The value of ΔSvap for the vaporization of 0.50 mole of ethanol is 0.0559 kJ/K, calculated by dividing the molar heat of vaporization by the boiling temperature in Kelvin and then multiplying by the number of moles.

Explanation:

To calculate the value of ΔSvap for the vaporization of 0.50 mole of ethanol, we use the given molar heat of vaporization (ΔHvap) of ethanol and its boiling point. The molar heat of vaporization is 39.3 kJ/mol, and the boiling point is 78.3°C (or 351.45 K, converting to Kelvin by adding 273.15).
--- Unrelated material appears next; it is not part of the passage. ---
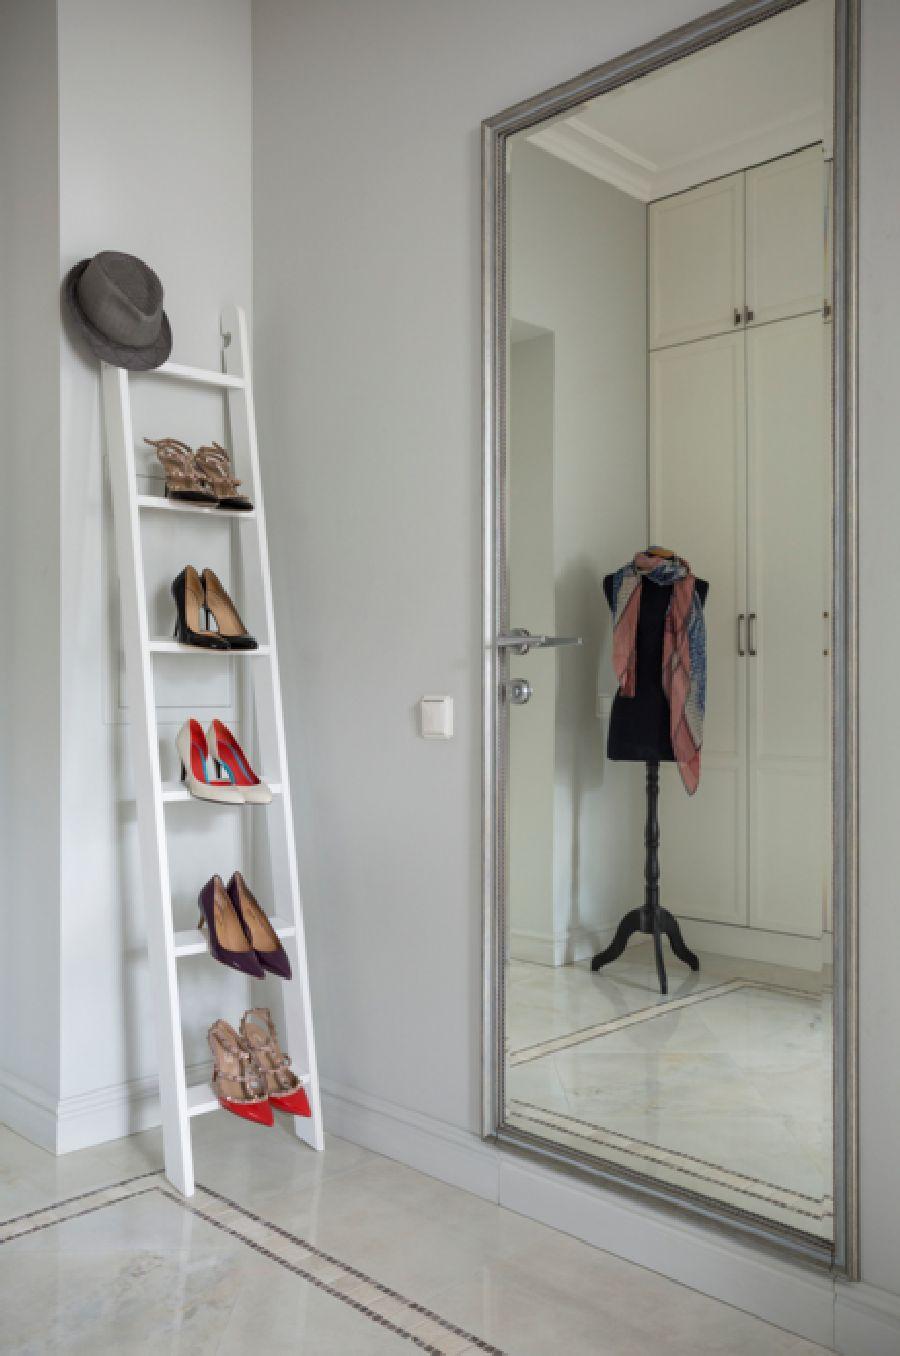 adelaparvu.com despre apartament de 80 mp patrati cu aer rustic elegant, locuinta Rusia, designer Zhenya Zhdanova (16)

ΔSvap is calculated using the formula:

ΔSvap = ΔHvap / Tboiling

For the calculation of the entropy change of vaporization (ΔSvap) for 0.50 mole of ethanol:

ΔSvap = (39.3 kJ/mol) / (351.45 K) = 0.1118 kJ/K·mol

However, since we have only 0.50 moles, we multiply this value by the number of moles:

ΔSvap (for 0.50 moles) = 0.1118 kJ/K·mol × 0.50 moles = 0.0559 kJ/K

Thus, the value of ΔSvap for the vaporization of 0.50 mole of ethanol is 0.0559 kJ/K.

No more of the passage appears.